The trigger points are predictable. If any of the following apply to you, the conversation should happen this month rather than next year:
- You are starting a business and need to choose between sole trader and limited company status
- Your turnover is approaching €42,500 in services or €85,000 in goods, the VAT registration thresholds
- You are about to hire your first employee and run payroll for the first time
- Your tax return is due, or worse, overdue, and you are not certain how to file it correctly
- You are buying or selling a business, taking on investment, or restructuring shareholders
- You have started trading across borders and the VAT treatment is unclear
- Cash flow is tight despite the business being busy, and you want someone to look at the numbers
- You are preparing for a Revenue audit, or have already received an audit notification
You can technically run a very small sole trader business without an accountant if your activity is simple, your income is below the VAT threshold, and you are comfortable with Form 11 on ROS. As soon as the business has employees, VAT, multiple income streams, or any meaningful tax planning opportunity, going without a professional accountant is usually false economy.
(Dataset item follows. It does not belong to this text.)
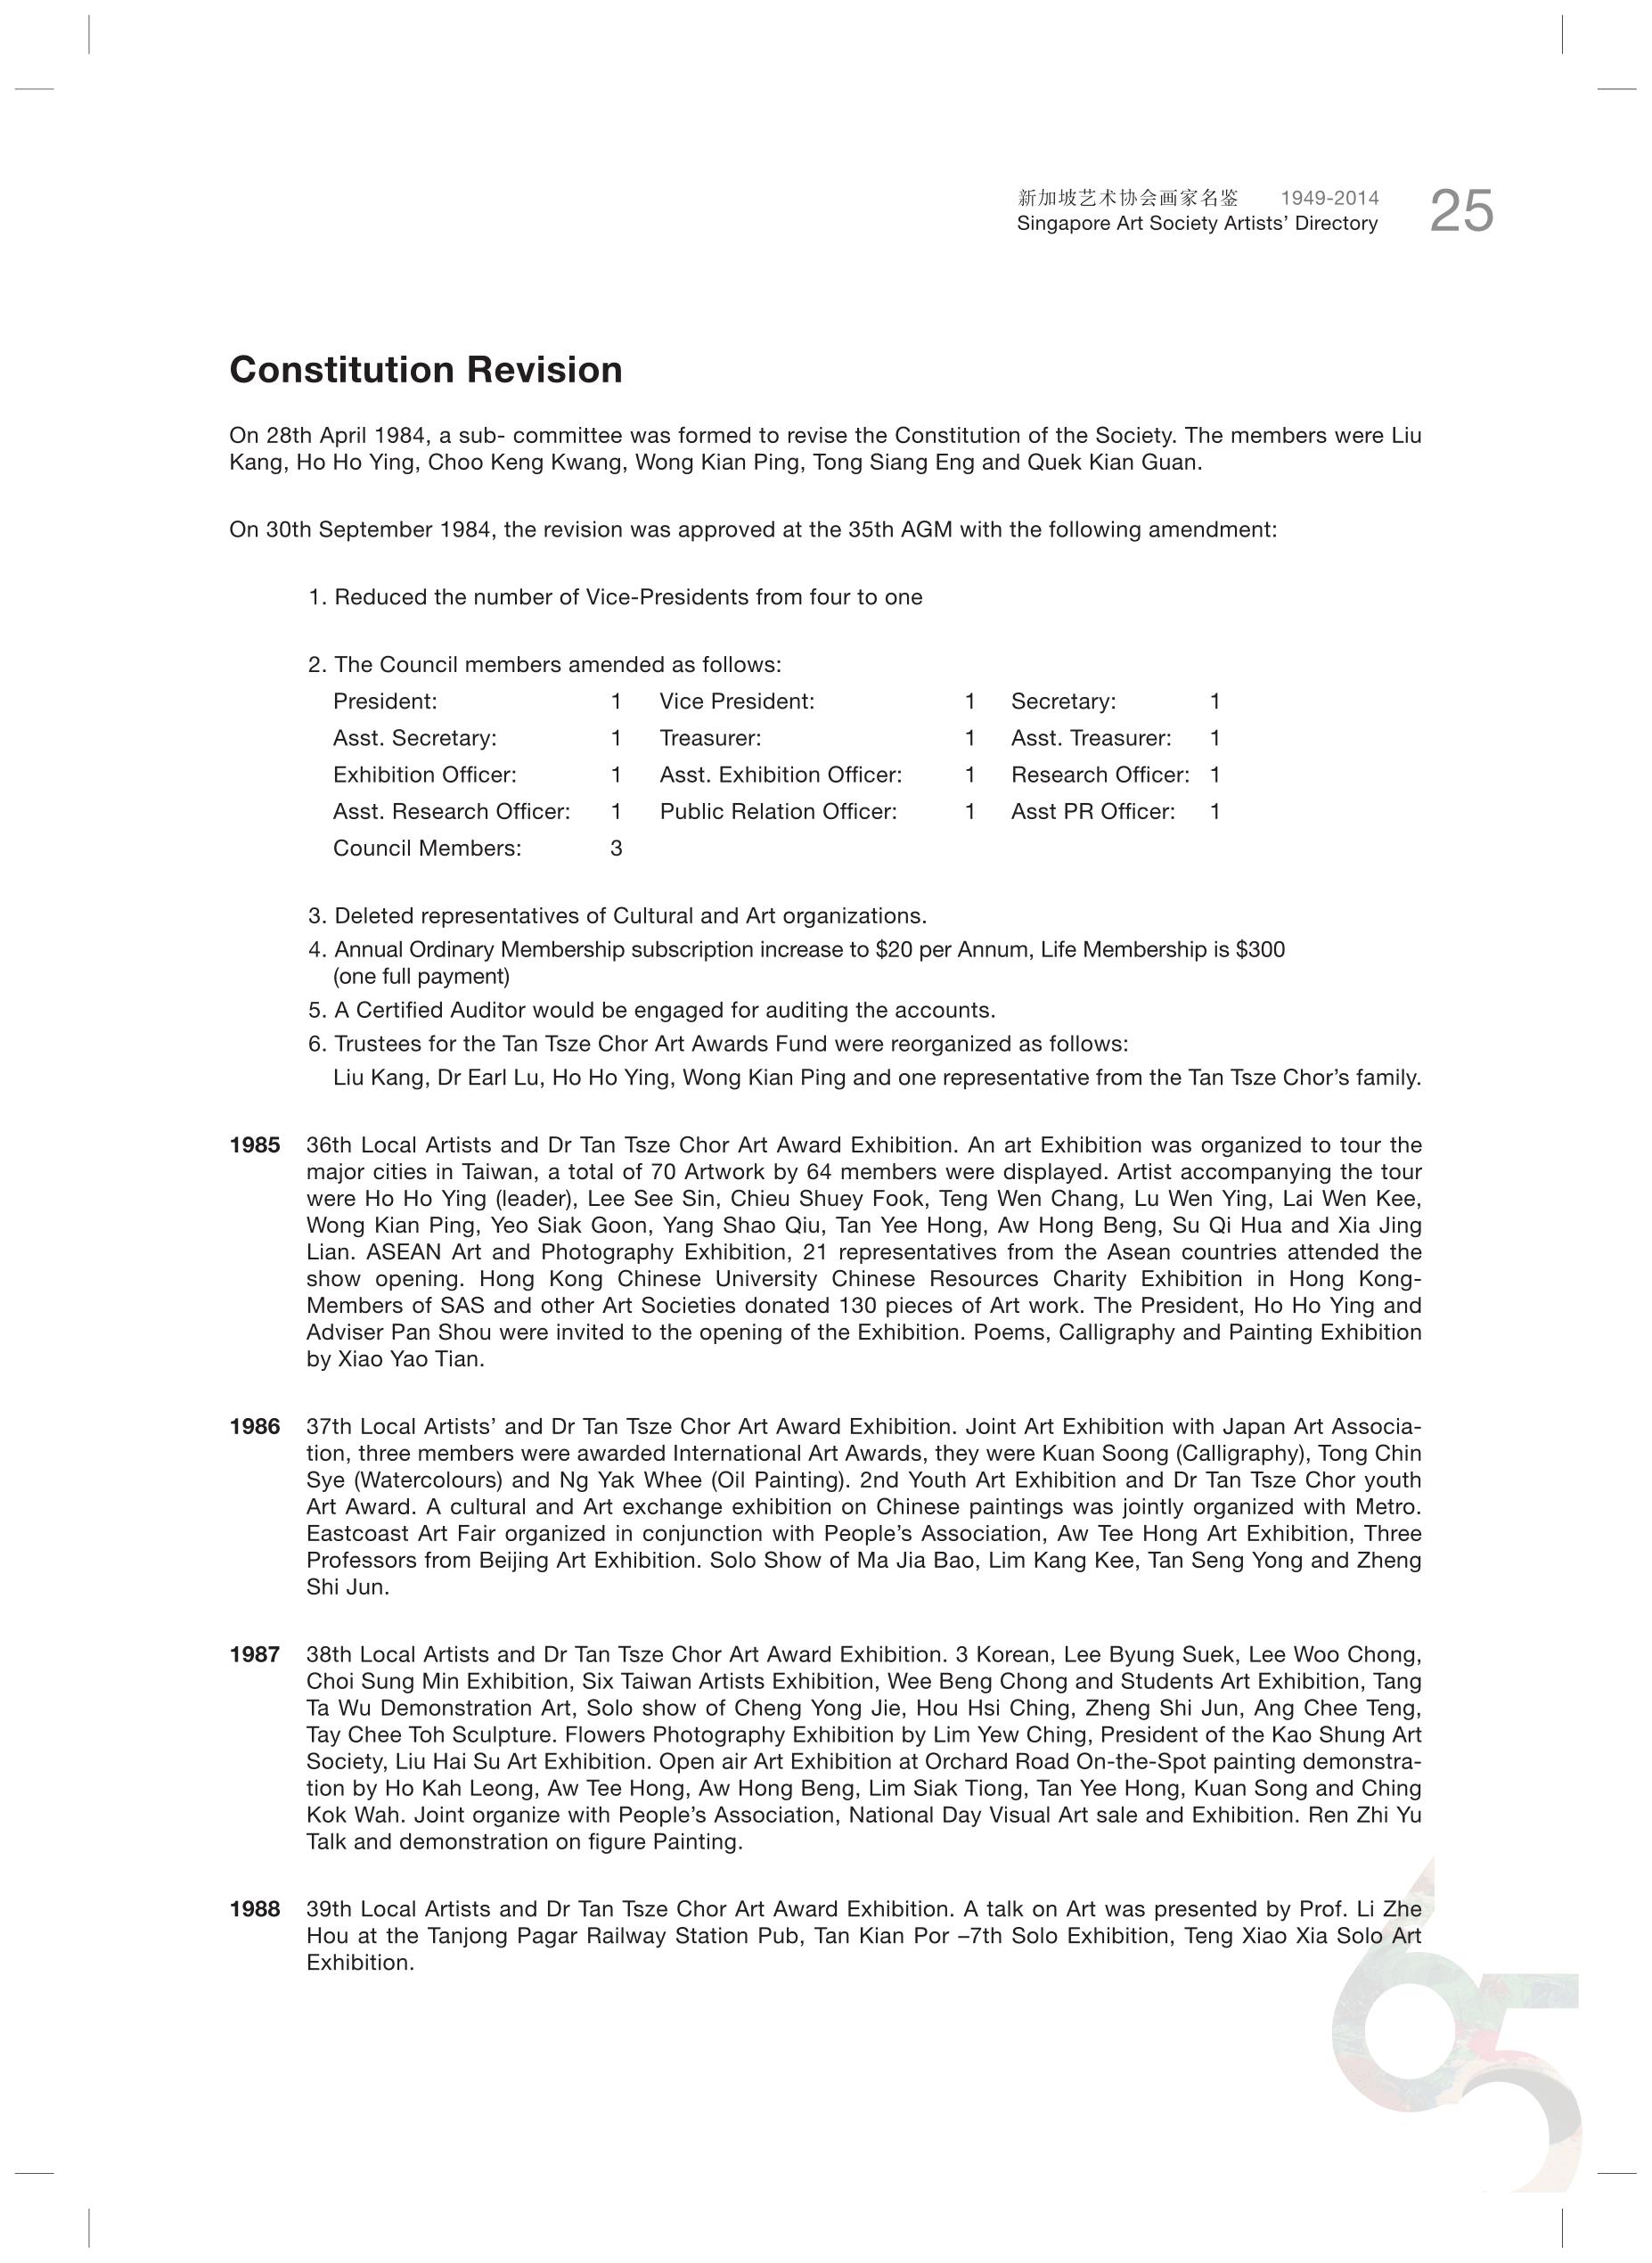 SG 65 inside_Part3-03

What does an accountant in Ireland actually do?
The terms accountant and bookkeeper get used loosely, but they are different roles, and many businesses need both. Understanding the distinction helps you find an accountant who actually does what you need.
| Activity | Bookkeeper | Accountant |
| Record sales, purchases and expenses | Yes | Sometimes |
| Reconcile bank statements | Yes | Sometimes |
| Run payroll | Yes | Yes |
| Submit VAT returns | Yes | Yes |
| Prepare year-end financial statements | No | Yes |
| File corporation tax or income tax returns | No | Yes |
| Provide tax planning advice | No | Yes |
| Interpret results and advise on strategy | No | Yes |
| Liaise with Revenue or the CRO on your behalf | No | Yes |
Many modern Irish accountancy firms (Kinore included) provide both bookkeeping and accounting under one roof. That structure usually costs less in real terms than splitting the work between a freelance bookkeeper and a separate firm for the year-end, because the two layers of the work are integrated rather than handed off in October.
Where can you find a good accountant in Ireland?
The traditional search method (Google “accountant in Dublin”, scroll, click) still works, but the strongest accountant relationships usually come from one of three other routes:
- Referrals from other business owners in your sector or local network. A trusted founder who has worked with their accountant for three years is the single best signal you will get
- Professional body directories. Chartered Accountants Ireland and the Association of Chartered Certified Accountants (ACCA) both publish member directories. Membership of either is a meaningful minimum standard
- Cloud accounting partner directories. If you use Xero, QuickBooks or Sage, their websites list certified partners; firms at Platinum or Diamond partner level have demonstrated technical competence on the software you are using
Geography matters less than it used to. Cloud accounting, video calls, and digital document signing mean a Limerick-based business can work effectively with a Dublin firm or vice versa. Look for the right fit first; sort by location second. The shortlist should be built around your specific business needs (sector, software, complexity, growth stage) rather than postcode.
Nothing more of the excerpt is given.